It was about that time again; University students often spent half the day worrying about school, and half the day worrying about what to make for dinner. Already five in the evening, and I still don’t know what to do. My stomach grumbles a storm, still grumpy from the morning of baby carrots and Dasani water. Hey, as long as it killed the hunger pains, right?
I had nothing in the fridge, nothing in the cabinets, heck, nothing hidden in the back-seat of my car either… which was odd. Sometimes, if I got lucky, I could fish out a packet of crisps from a forgetful Subway sandwich trip.
I sat my rear down at the desk, pulled back a drawer filled with menus, and laid them all out before me. “Greasy, greasy, greasy, healthy -but- boring, greasy… Perhaps I’ll just do pizza?” I spoke aloud. My self-conscious told me the right choice would be to pick something health; I -did- promise myself I would try not to pig out on as many carbs. Do I want that bikini-body or not?
As I reached for the menu of the local salad-extravaganza bar, the menu for Pizza Hut flipped over and covered the top of it. My heart leapt up into my throat for a sheer moment, until I realized the window was open. After dealing with the problem by shutting it, I returned to slide the Pizza menu to the side. Let’s try this again. I reach out to grasp the salad-bar menu, but this time, the 5 Guys menu dives in the way.

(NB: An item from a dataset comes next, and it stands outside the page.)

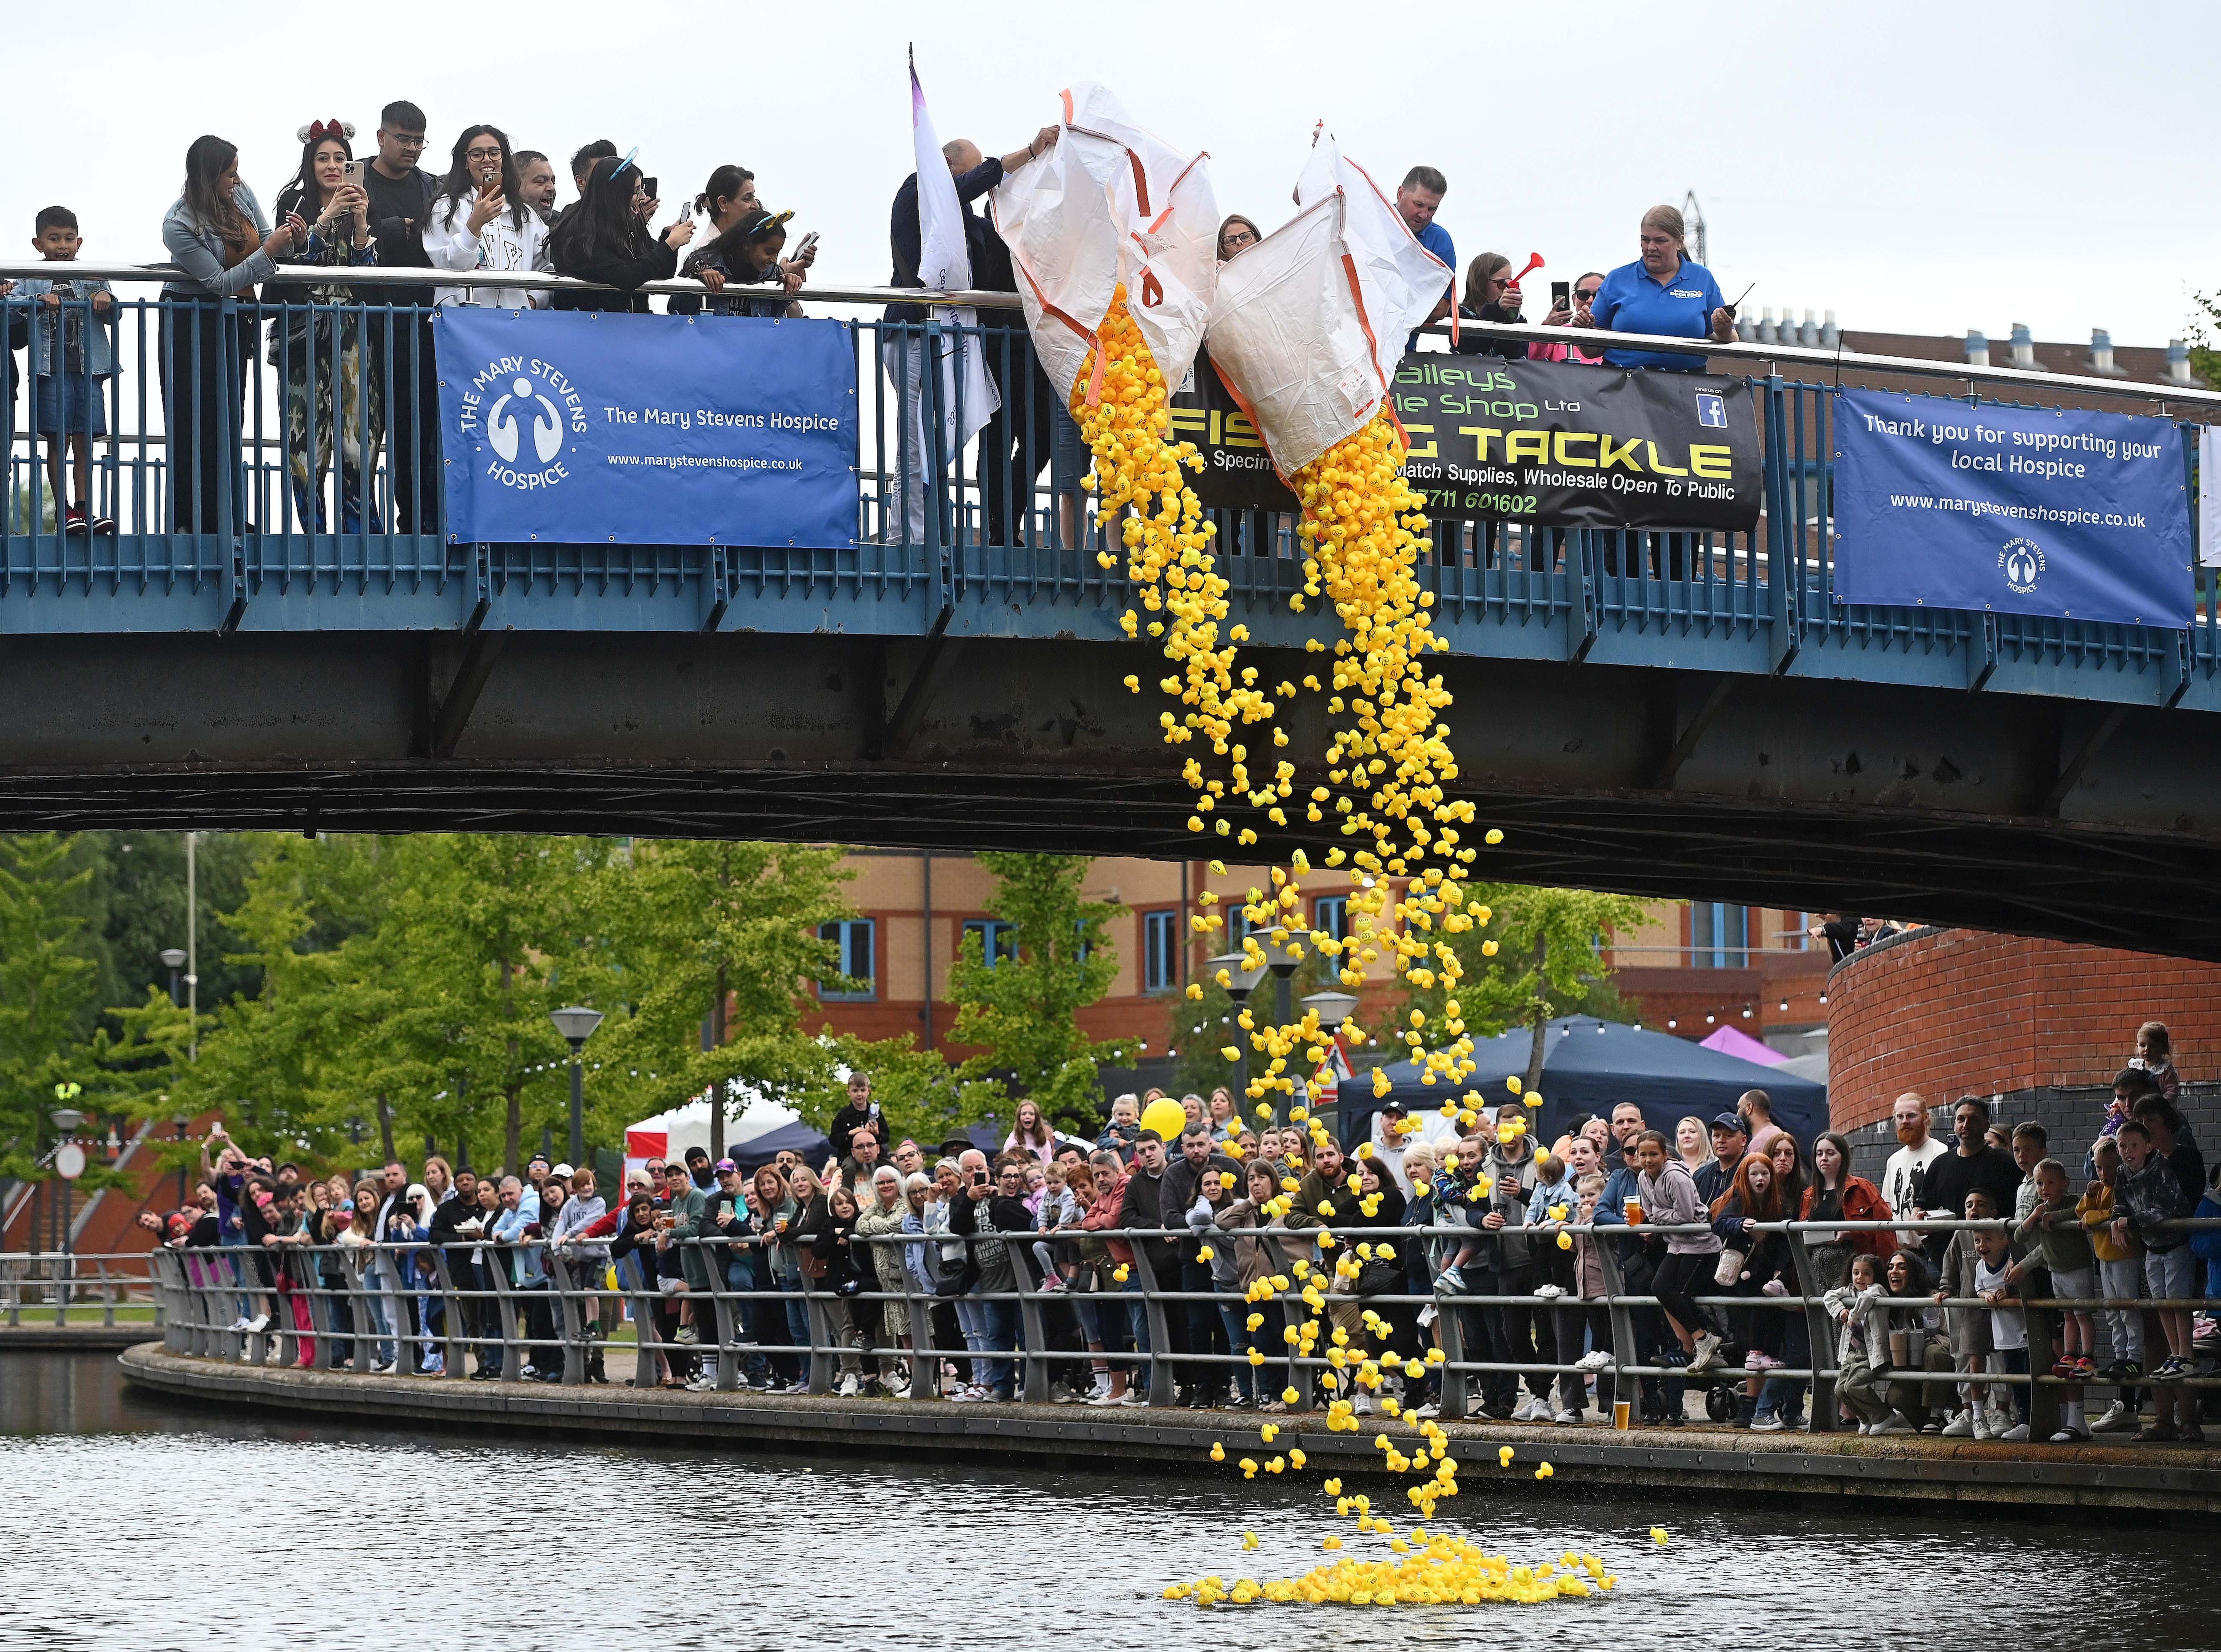 In pictures: A quacking day at The Black Country Duck Race

Abruptly, I stand up. The air conditioning had been off all day; the wind wasn’t causing anything to move. With fright spurring me to dash, I spin and flee toward the door. Before I could get my hand upon the doorknob, fast-food menus slapped against the door like a raining volley of ammunition. Regardless, I tug swing it open and charge toward the stairs. The menus cling to my body, making me run slower and slower. Each step forward caused my breathing to accelerate in exhaustion. The plastic, laminated material made my skin sweat and uncomfortable.

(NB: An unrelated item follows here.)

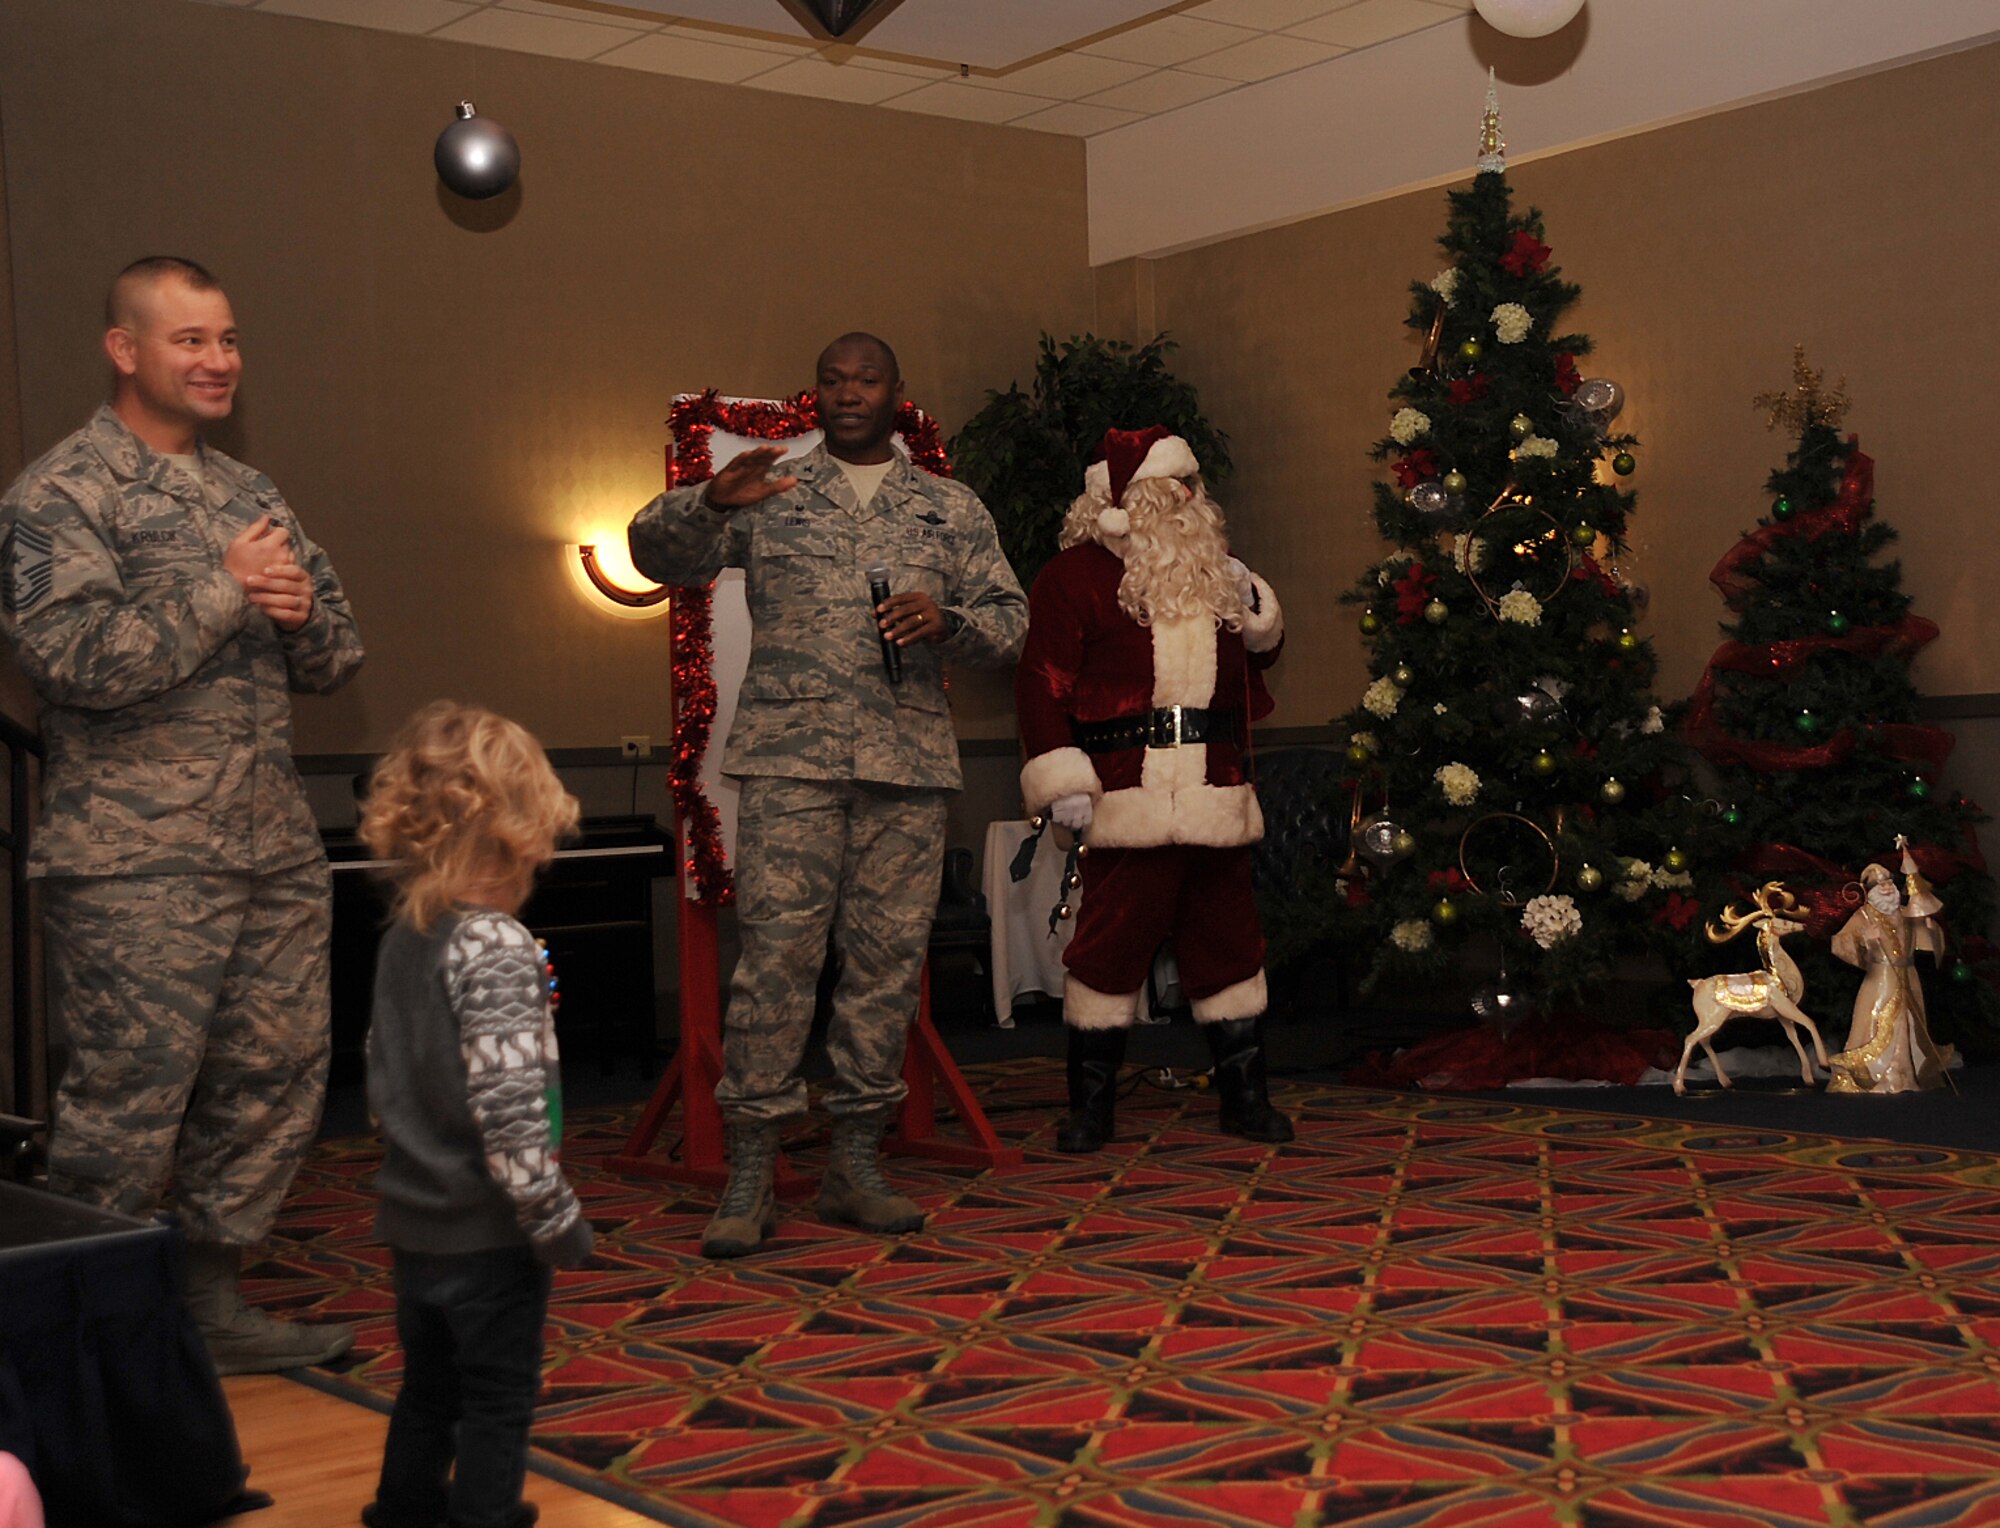 Col. Rodney Lewis, 319th Air Base Wing commander, greets the attendees at the Holiday Tree Lighting ceremony before lighting the tree with Chief Master Sgt. Todd Krulcik, 319th Air Base Wing command chief, and Santa Claus on Grand Forks Air Force Base, North Dakota, Dec. 7, 2015. The event is an annual event that signifies the beginning of the holidays. (U.S. Air Force photo by Senior Airman Bonnie Grantham/released)

“Enough! Enough! Enough!” I cry, ripping each menu from my body to try and dispose of them within a garbage bin at the end of my apartment’s road. Goodbye burgers, goodbye fries, goodbye pizza, goodbye fried chicken. As each menu laid to rest within the bin, it seemed eternal.
I returned home, sweaty and unnerved, frustrated and tired. There sat upon my desk was one remaining menu.